2 Ala. 29 | Ala. | 1841
— It is objected for the plaintiff in error, that no amendment can be made in a judgment after an interval of one term — such is not the law, the amendment may be made at any time if the evidence is in existence, which will authorize it to be done. In the case of Goldthwaite v. Wilkerson [1 Stewt. & Por. 159] an amendment of this kind was made after the lapse of seven years.
What evidence will bo sufficient to authorize the amendment of a part of the record nunc pro tunc, is largely discussed in the case of Moody v. Keenar, 9th Porter, 252. In the case of Thompson & Miller, [2d Stewart’s, Rep. 470] it was hold that such an amendment could not be made on oral testimony, and was only authorized “ when predicated on matters of record or some entry made by or under the authority of the Court.”

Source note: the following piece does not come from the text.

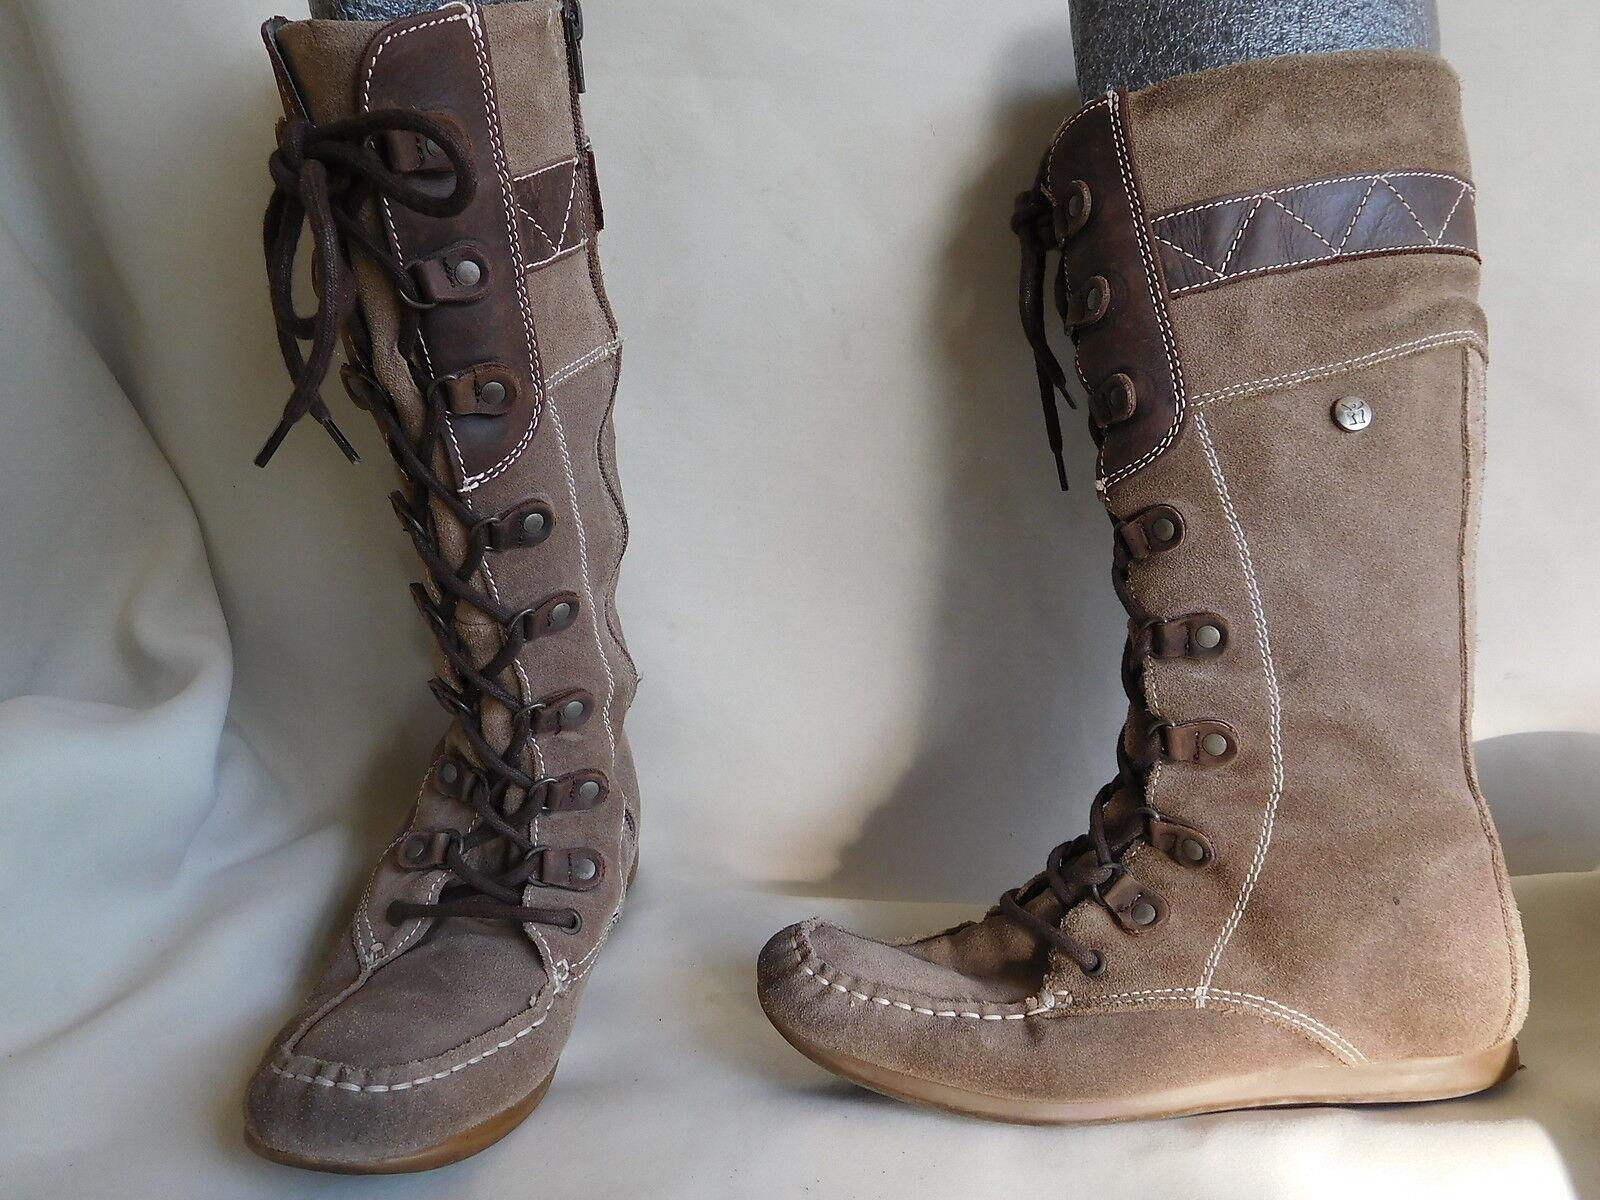 MAG CHAUSSURE BOTTE FEMME FILLE CUIR DAIM BEIGE MARRON pt 38 NAVAJO bottes chaussures
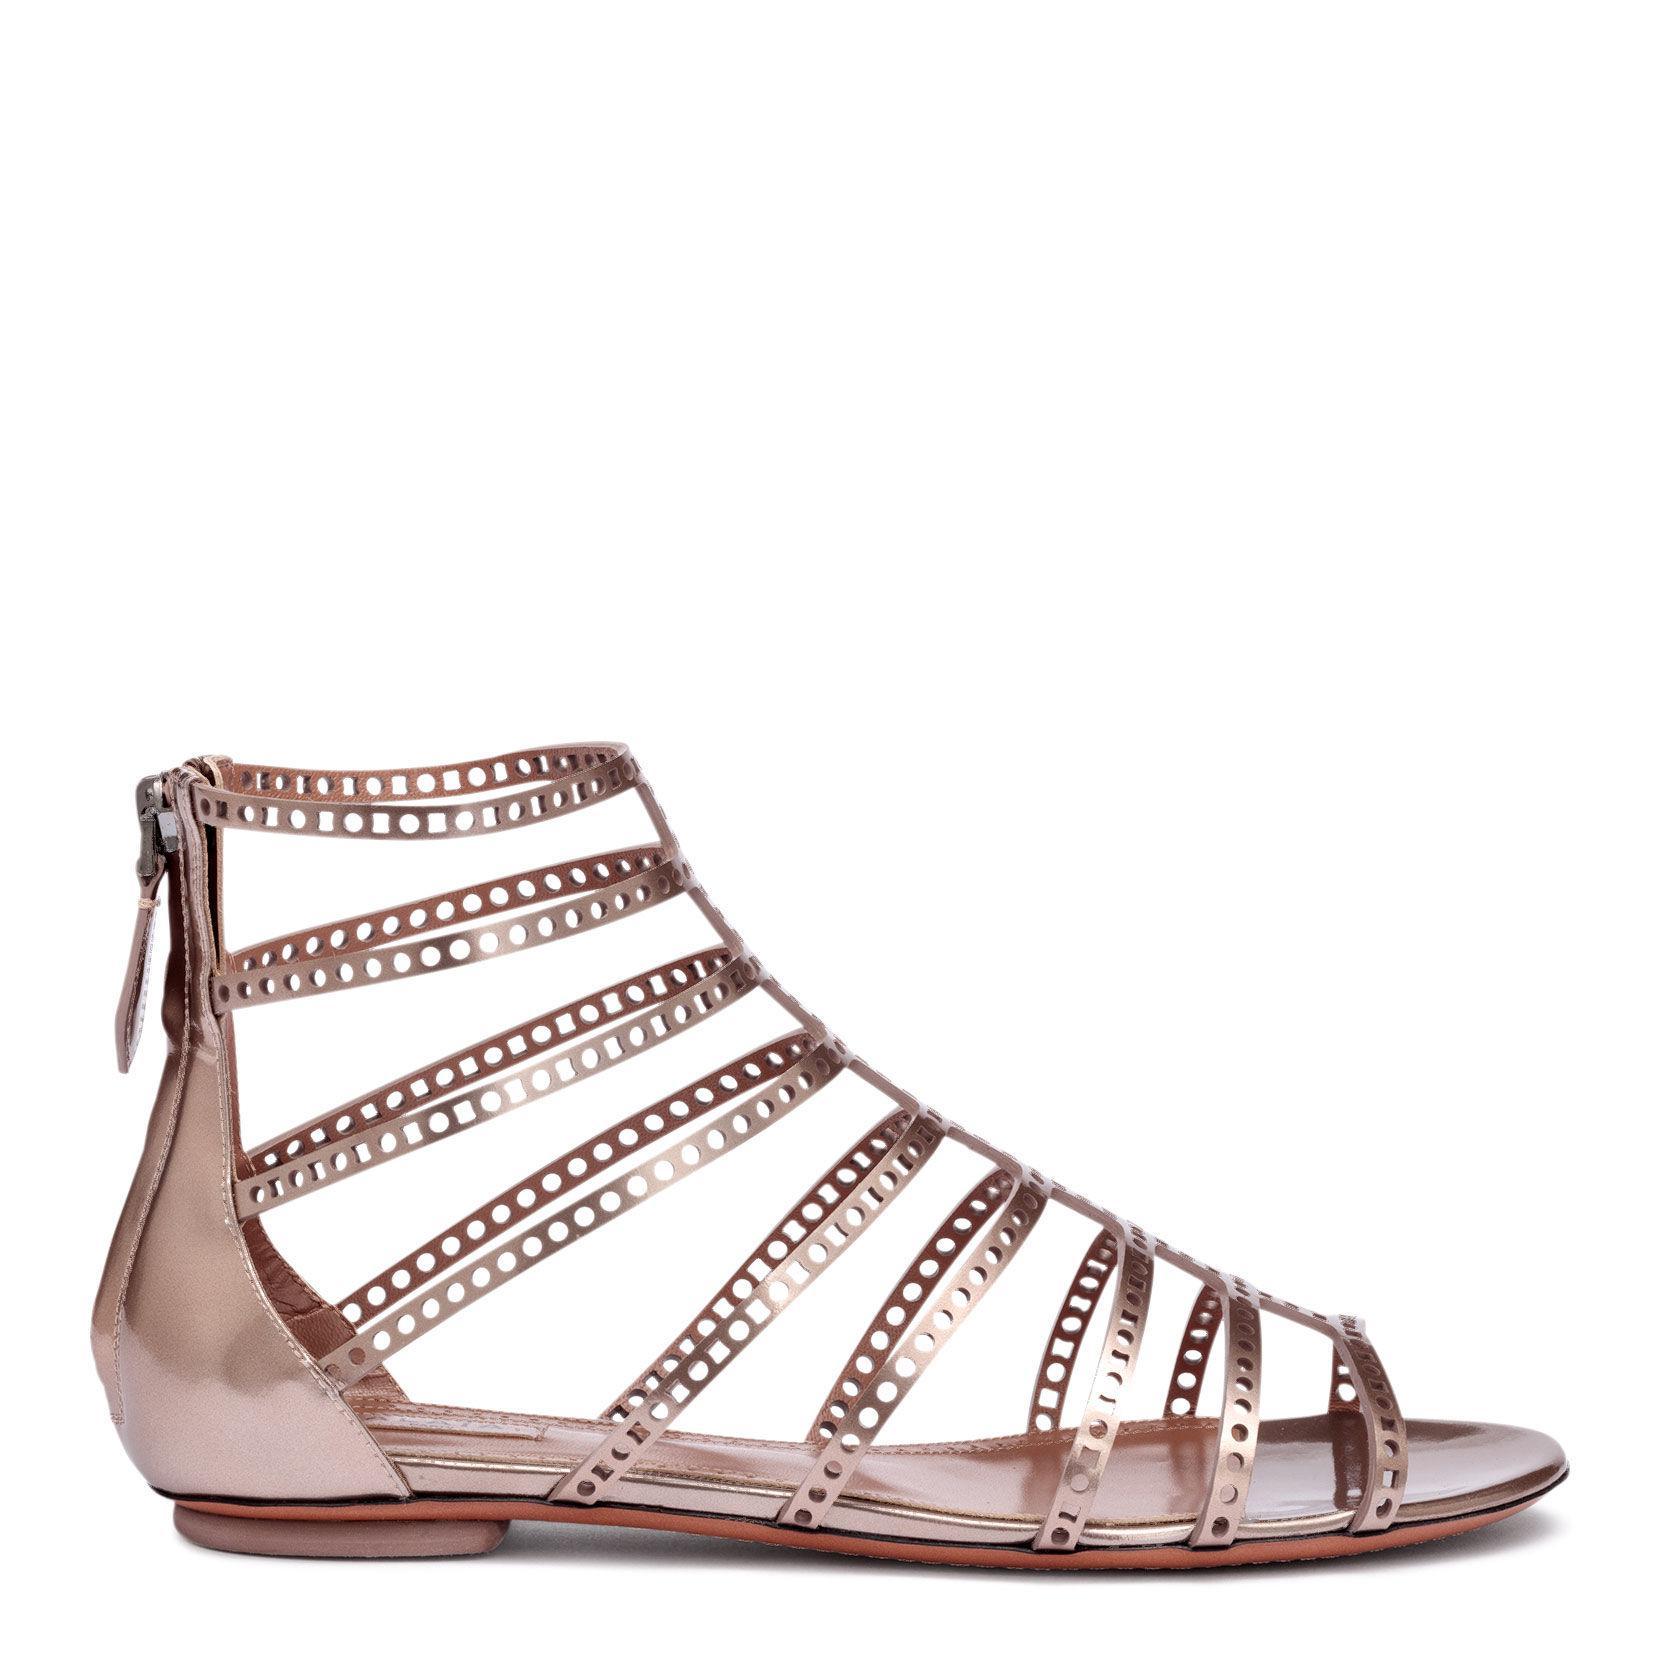 978662dc85fd3 Alaïa - Multicolor Metallic Laser-cut Leather Sandals - Lyst. View  fullscreen

If we were at liberty to notice the entry on the trial docket, ivhich the clerk states was a memorandum of the presiding judge, (but which is no part of this record) it would not justify the amendment made in this case. The word “ dismissed,” if it indicates, as it must be held to do, the disposition made of the cause at the first trial, did not authorize the amendment, as the judgment entered at the trial term, was in exact accordance with it. The cause could only have been dismissed by the plaintiff and at his own cost, unless by the agreement of the defendant, the costs were to be levied against him.
There does not appear therefore to have been any warrant for the amendment, none such appears in the record, and we cannot presume that any exists. Let the judgment of the Court, amending the previous judgment, be reversed.